Assalamualaikum Warahmatullahi Wabarakatuh 
Good morning.

  1. I am thankful to Allah the Almighty for the opportunity to address this distinguished gathering. I am particularly happy that this Forum is co-organised with my alma mater, Oxford University. The English philosopher John Locke had the idea that we all start off life as clean slates and are moulded into shape through education. And I, along with many other Malaysians, have a lot to be thankful to Oxford. Of the things that I learned, the one I particularly appreciate is the spirit of rigorous inquiry and the love of knowledge.

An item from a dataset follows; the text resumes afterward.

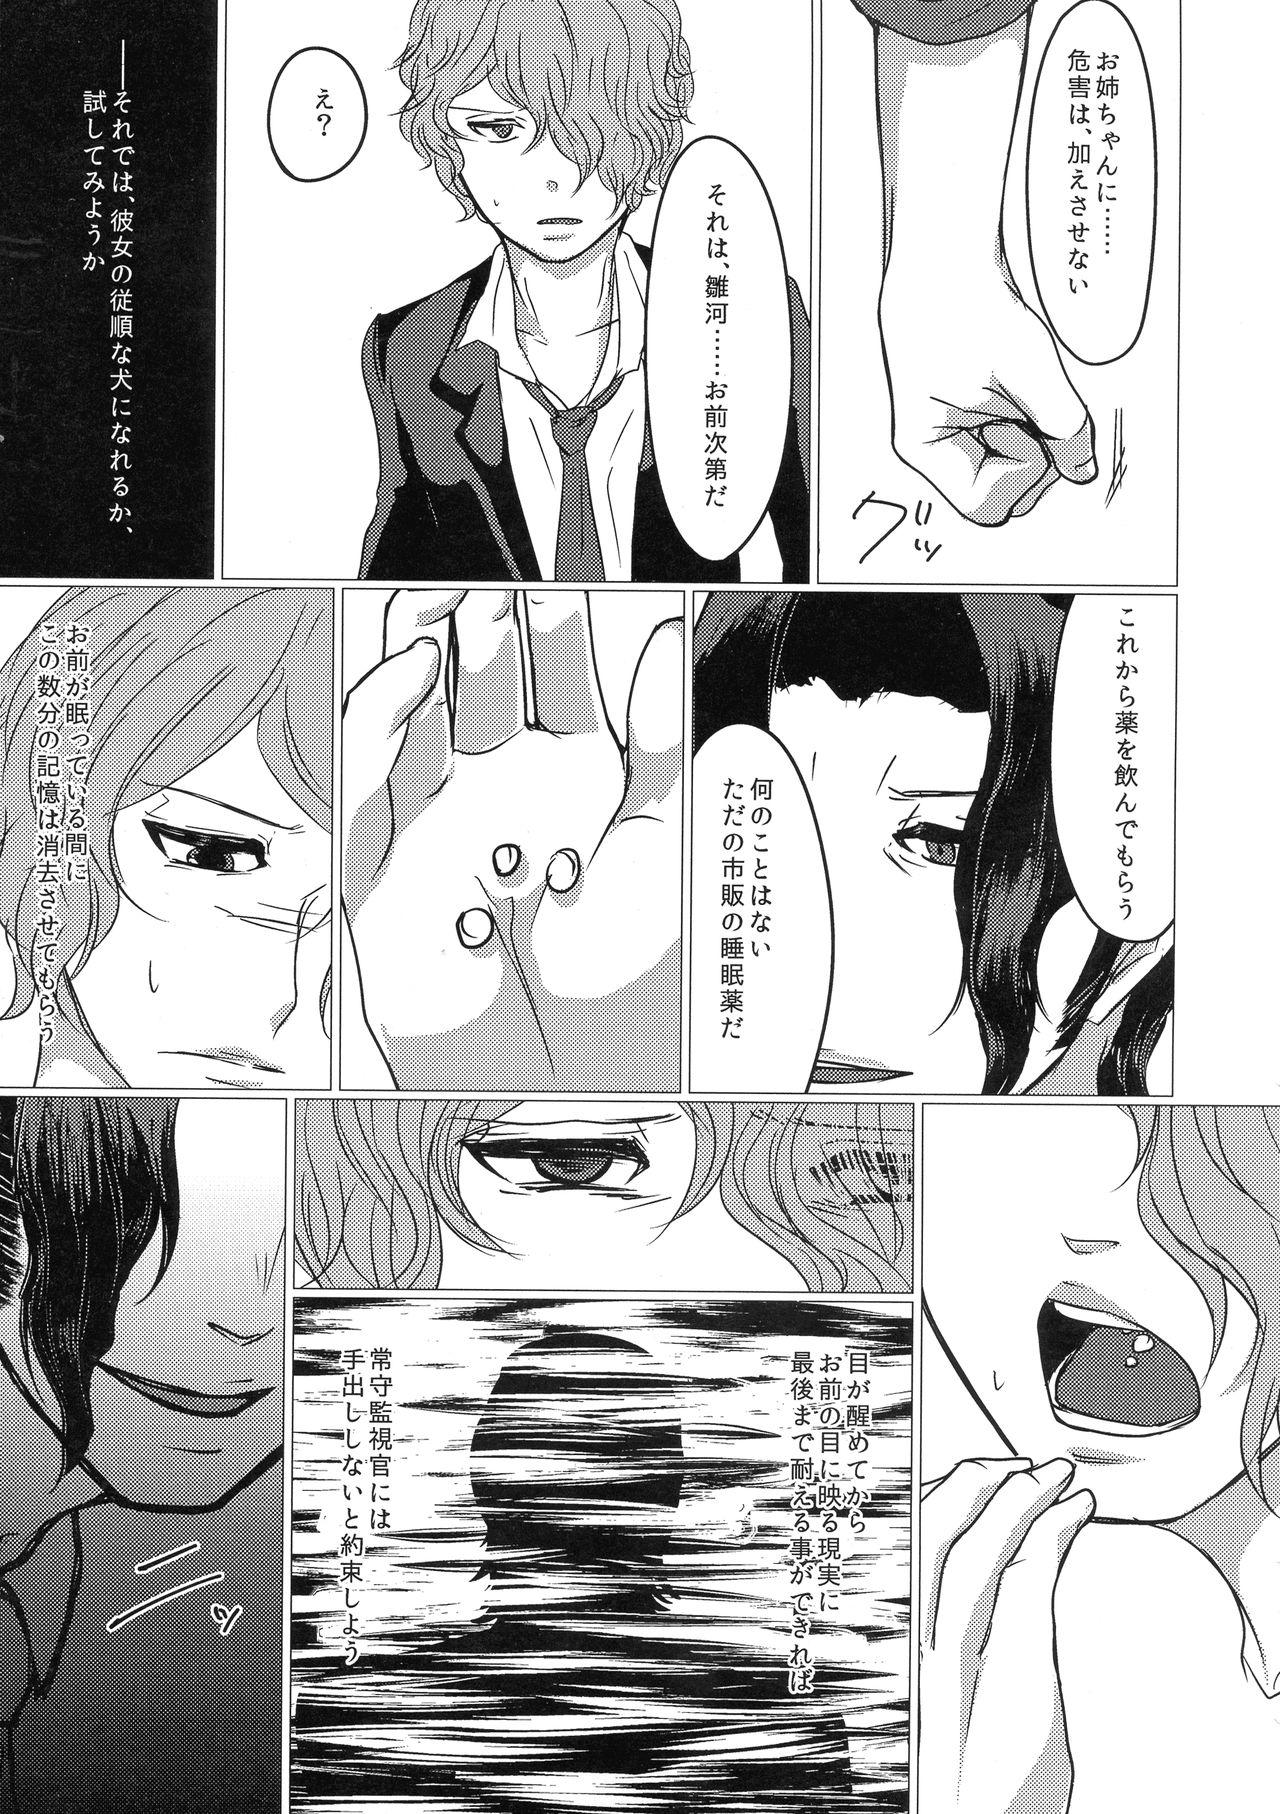 Funk I/O - Psycho-pass Amateur Teen - Page 11

  2. Knowledge of economics and finance has strong roots in academic research. Theorists have been particularly important in laying the foundations for the behaviour of financial markets, while mathematicians, also known as ‘quants’, have been responsible for the growth of the modern financial industry. Well-known examples are the Nobel Laureates Fischer Black and Myron Scholes, whose options pricing model in the early 1970s spawned an entire financial derivatives industry. Both these gentlemen were also directors of Long-Term Capital Management, one of the early hedge funds that had to be bailed out almost exactly a decade before the spectacular failure of Lehman Brothers in 2008. A less famous name is 2 that of China-born David Li, whose mathematical work in 2000 led to the rapid growth of collateralised debt obligations or CDOs. Rightly or wrongly, Mr Li has been said to be partly responsible for the recent global financial meltdown. 

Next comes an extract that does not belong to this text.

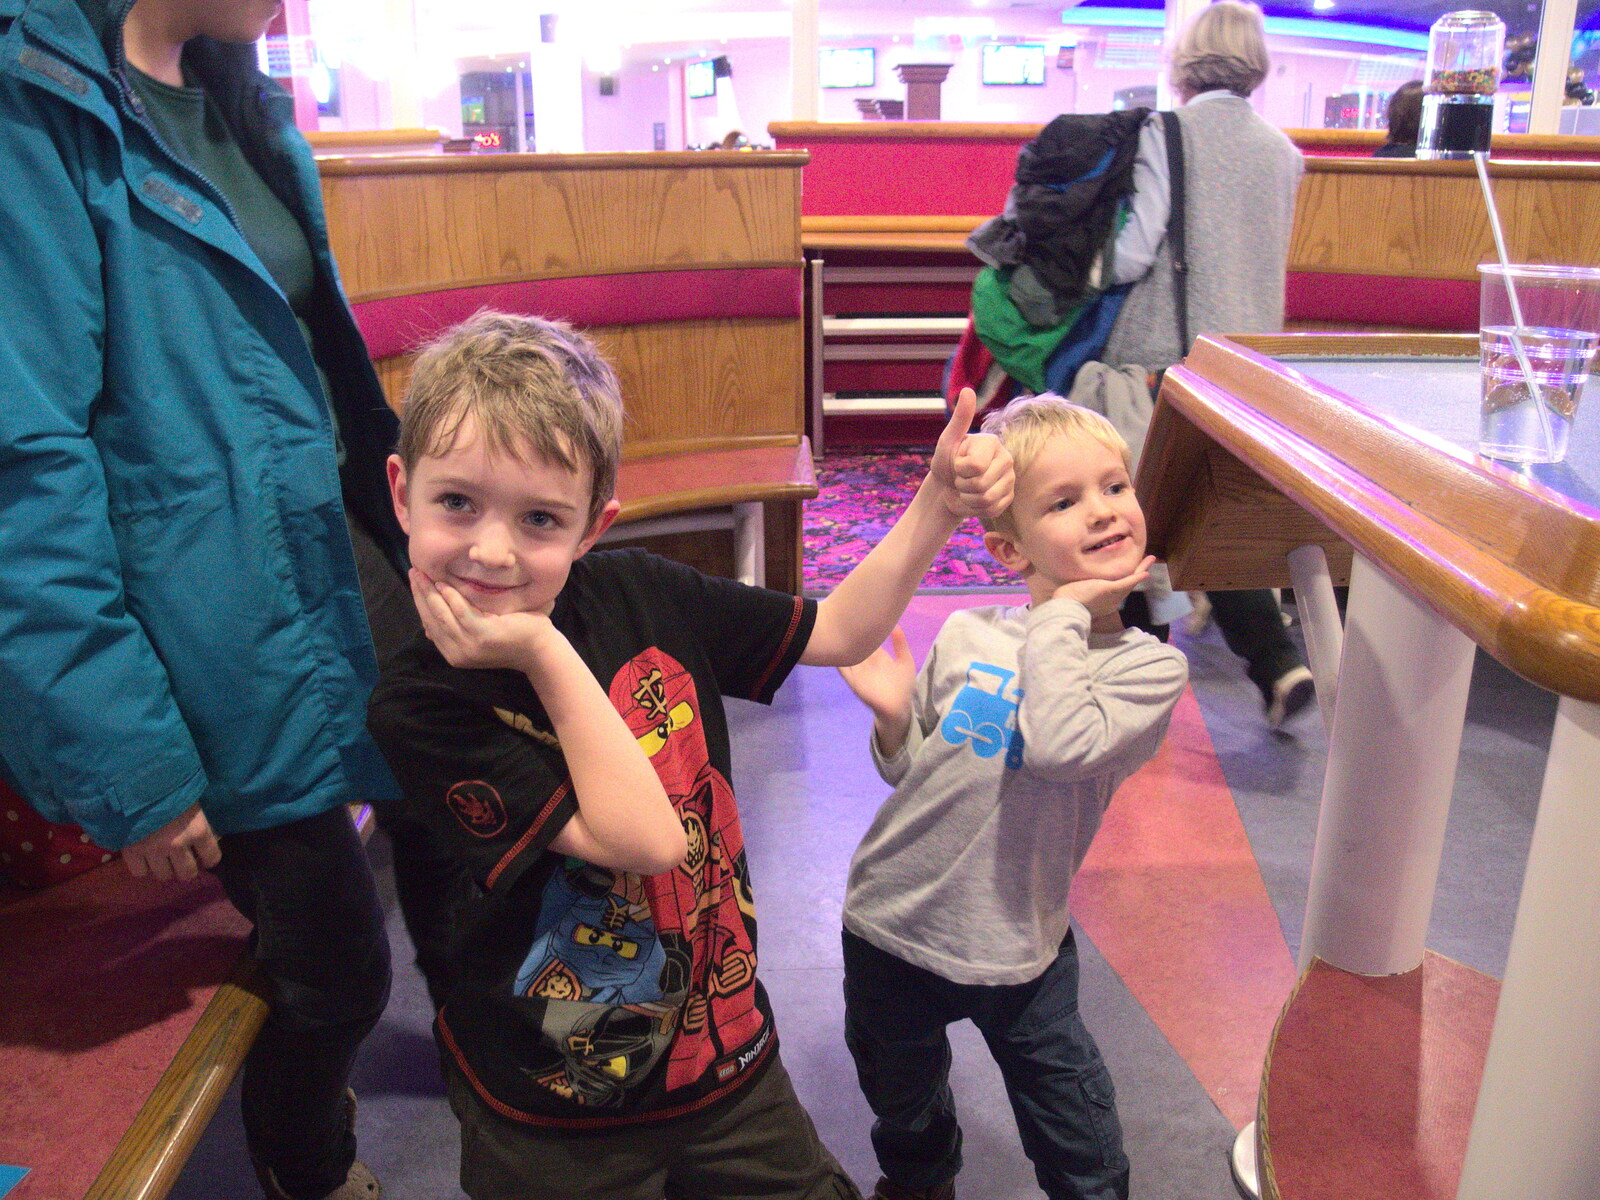 The boys do some sort of moves from Ten-Pin Bowling, Riverside, Norwich - 3rd January 2016

  3. Modern finance therefore heavily relies on scholarly research, research that can be said to be conducted in a largely value-free environment and then subsequently commercialised by investment banks. The primary driving force behind the derivative desks of these banks is profit. Larger questions of social good are either left to the workings of the market or else left unanswered. Even the moderating hand of government is by and large absent. Indeed, bankers stoutly defend their right to originate and distribute financial products without regulation, arguing that such regulation inhibits innovation and therefore the making of profits. 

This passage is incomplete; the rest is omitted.